We propose to adopt the 'x' syntax for all textual literal types, up to and including ExtendedGraphemeClusterLiteral, but not including StringLiteral. These literals will be used to express integer types, Character, Unicode.Scalar, and types like UTF16.CodeUnit in the standard library.

The default inferred literal type for let x = 'a' will be Character. This follows the principle of least surprise, as most users expect '1' + '1' to evaluate to "11" more than 98.

Use of single quotes for character/scalar literals is heavily precedented in other languages, including C, Objective-C, C++, Java, and Rust, although different languages have slightly differing ideas about what a “character” is. We choose to use the single quote syntax specifically because it reinforces the notion that strings and character values are different: the former is a sequence, the later is a scalar (and "integer-like"). Character types also don't support string literal interpolation, which is another reason to move away from double quotes.

One significant corner case is worth mentioning: some methods may be overloaded on both Character and String. This design allows natural user-side syntax for differentiating between the two.

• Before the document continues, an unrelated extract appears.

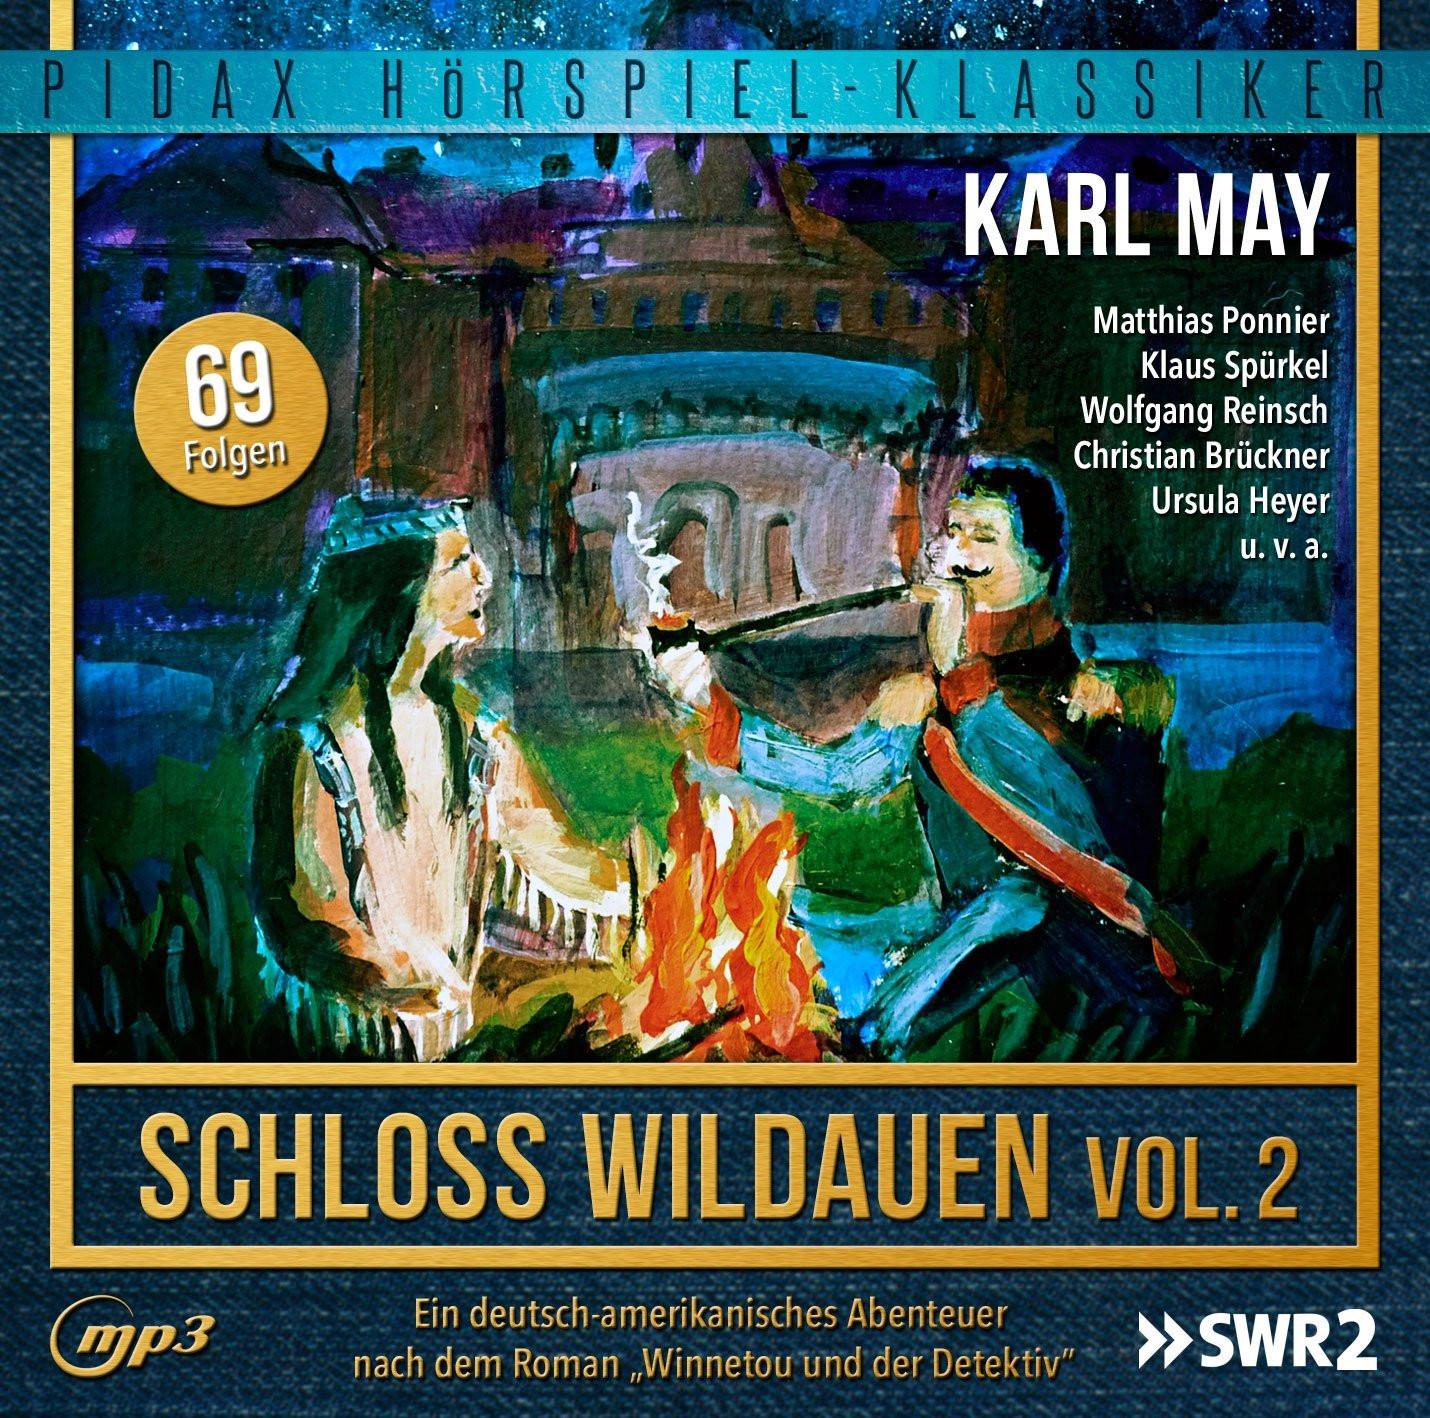 Pidax Hörspiel Klassiker - Karl May: Schloss Wildauen - Vol. 2

† Since 3.0, the compiler cannot statically verify the validity of a Character literal, as the runtime must call into the system ICU library to determine this. It is still possible for the compiler to rule out character sequences which could not possibly be graphemes.

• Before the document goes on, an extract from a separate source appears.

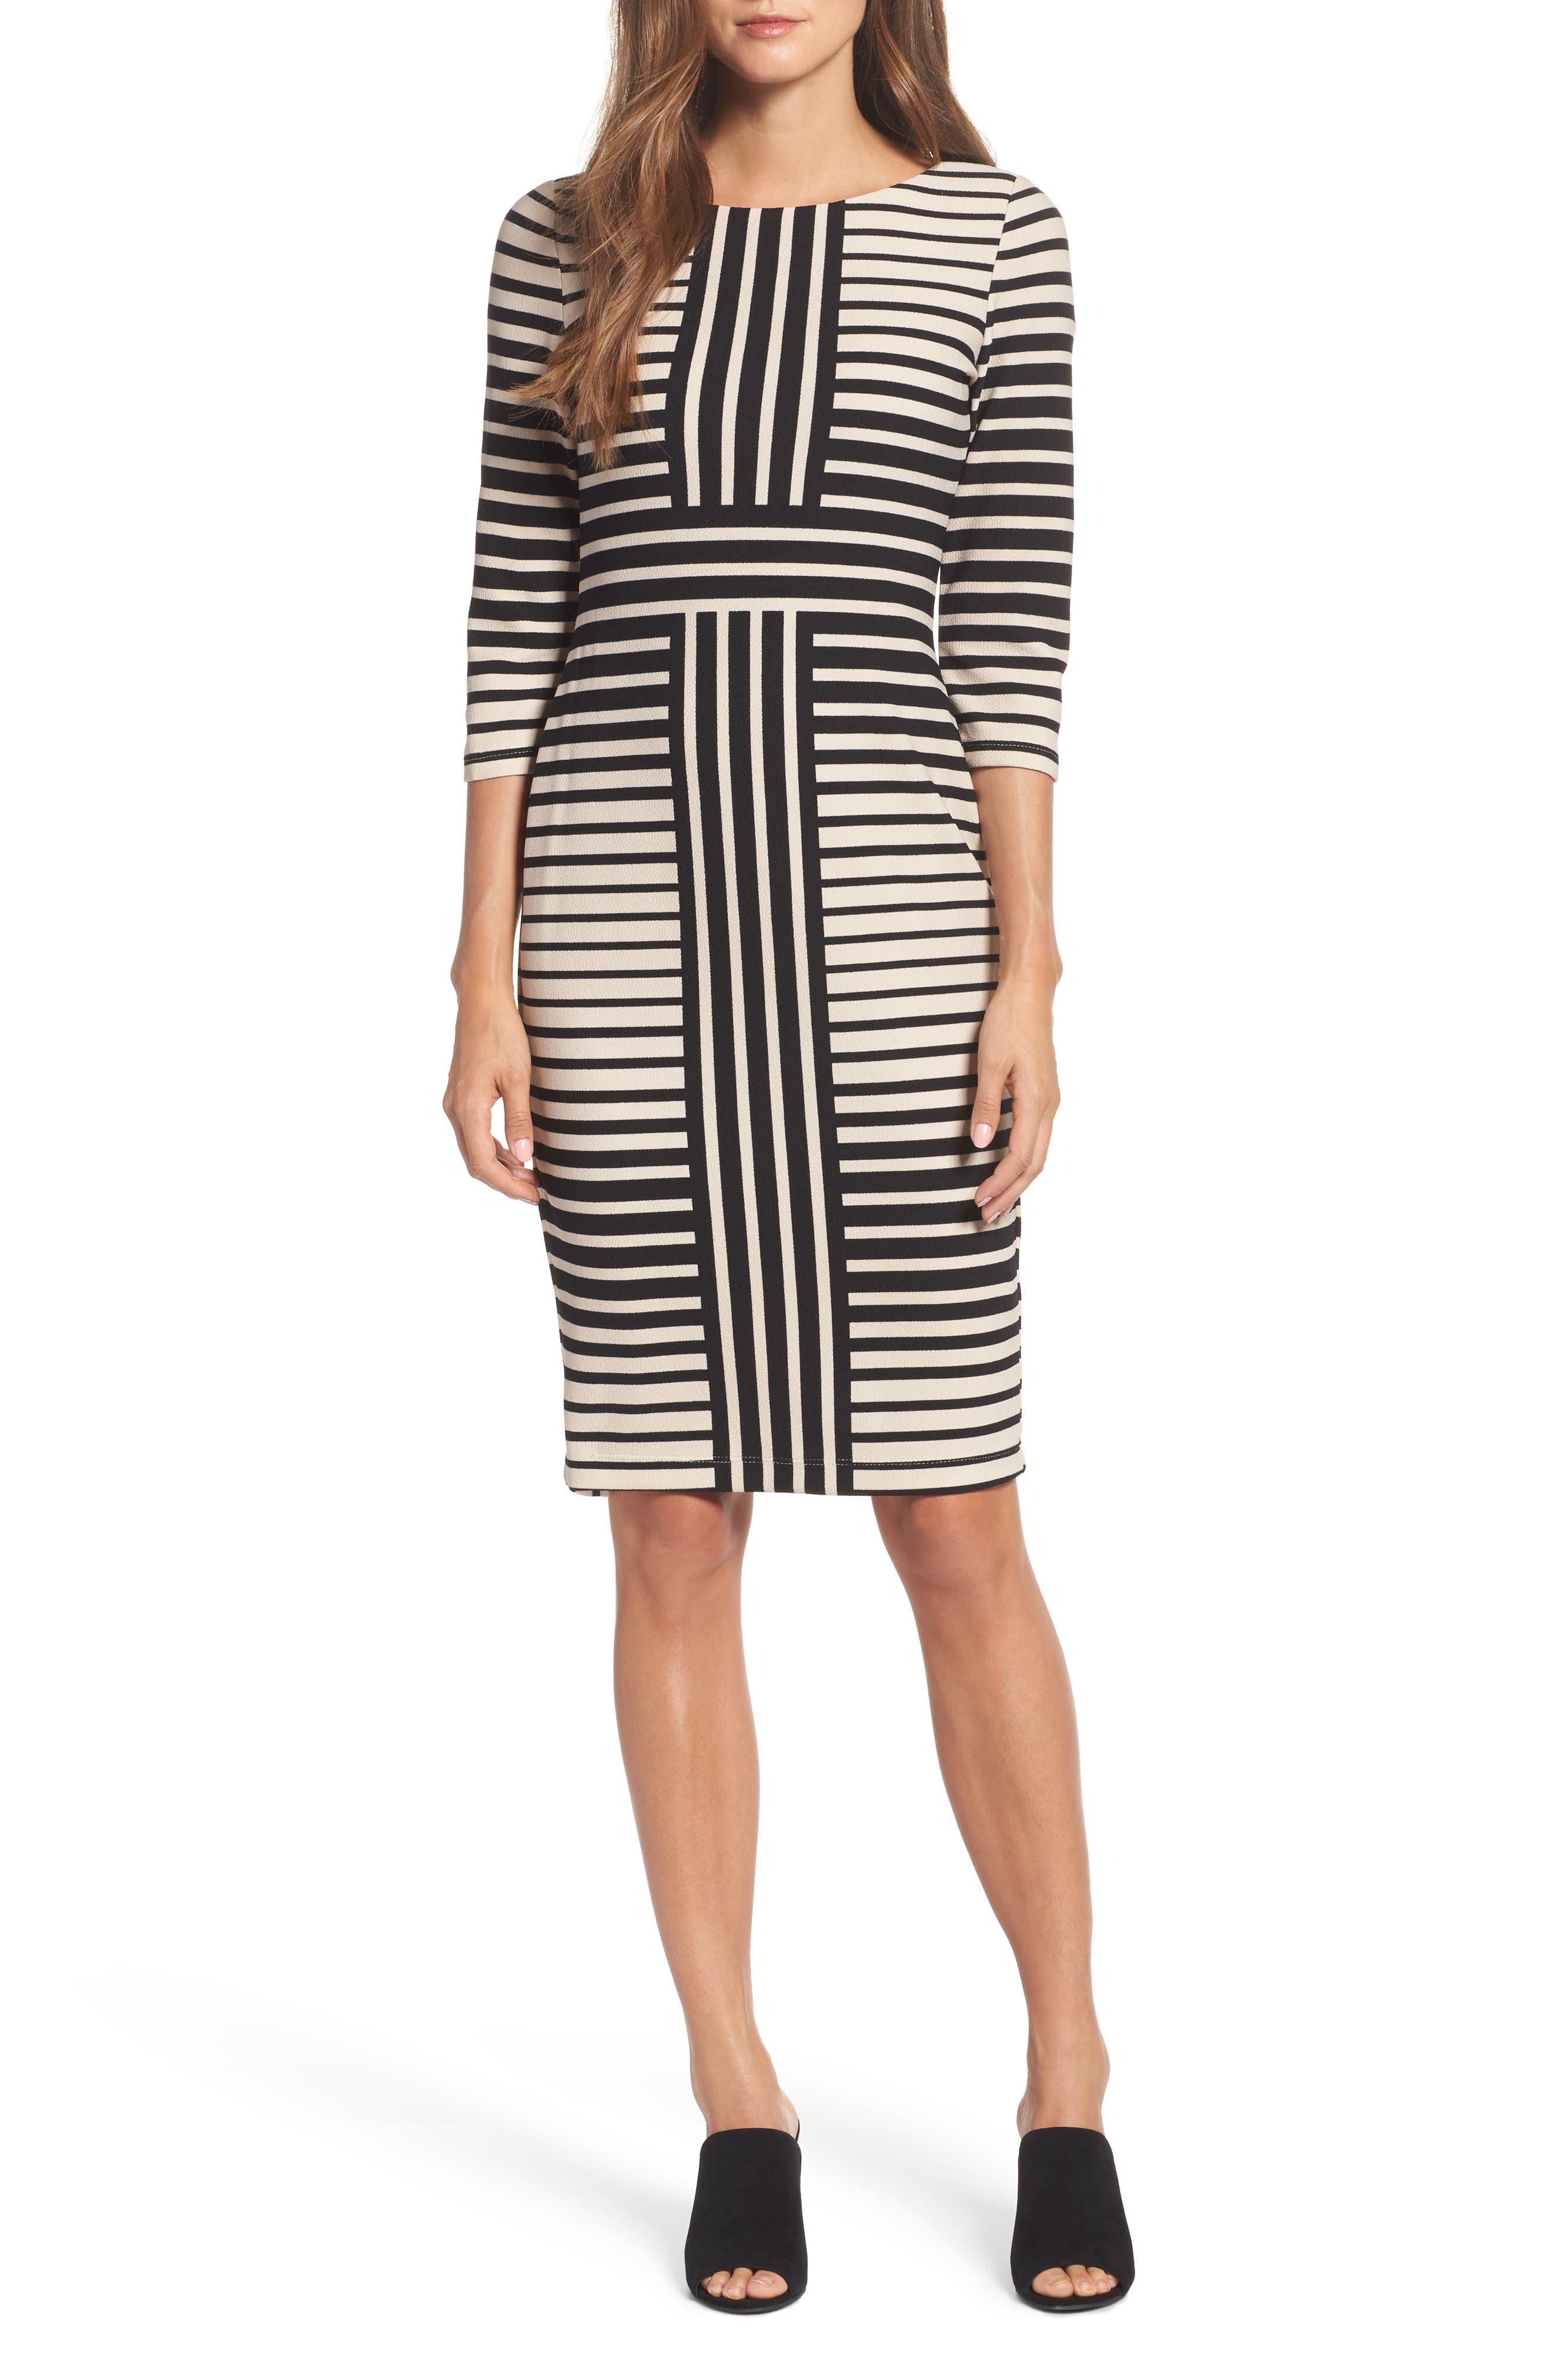 Main Image - Gabby Skye Stripe Sheath Dress

‡ Not all codepoints are valid 21-bit unicode scalars, but the codepoints that are invalid are invalid because they represent no character, and so could never be written in a literal anyway. At any rate, such edge cases are best expressed as hexadecimal integer literals.

∗ To make it possible for ExpressibleByUnicodeScalarLiteral to inherit from ExpressibleByUnicode16Literal, we need to restrict our range of valid Unicode16Literals to exclude the range 0xD800 ... 0xDFFF, since those are not valid unicode scalars. Of course, as before, we don’t lose much from making this restriction.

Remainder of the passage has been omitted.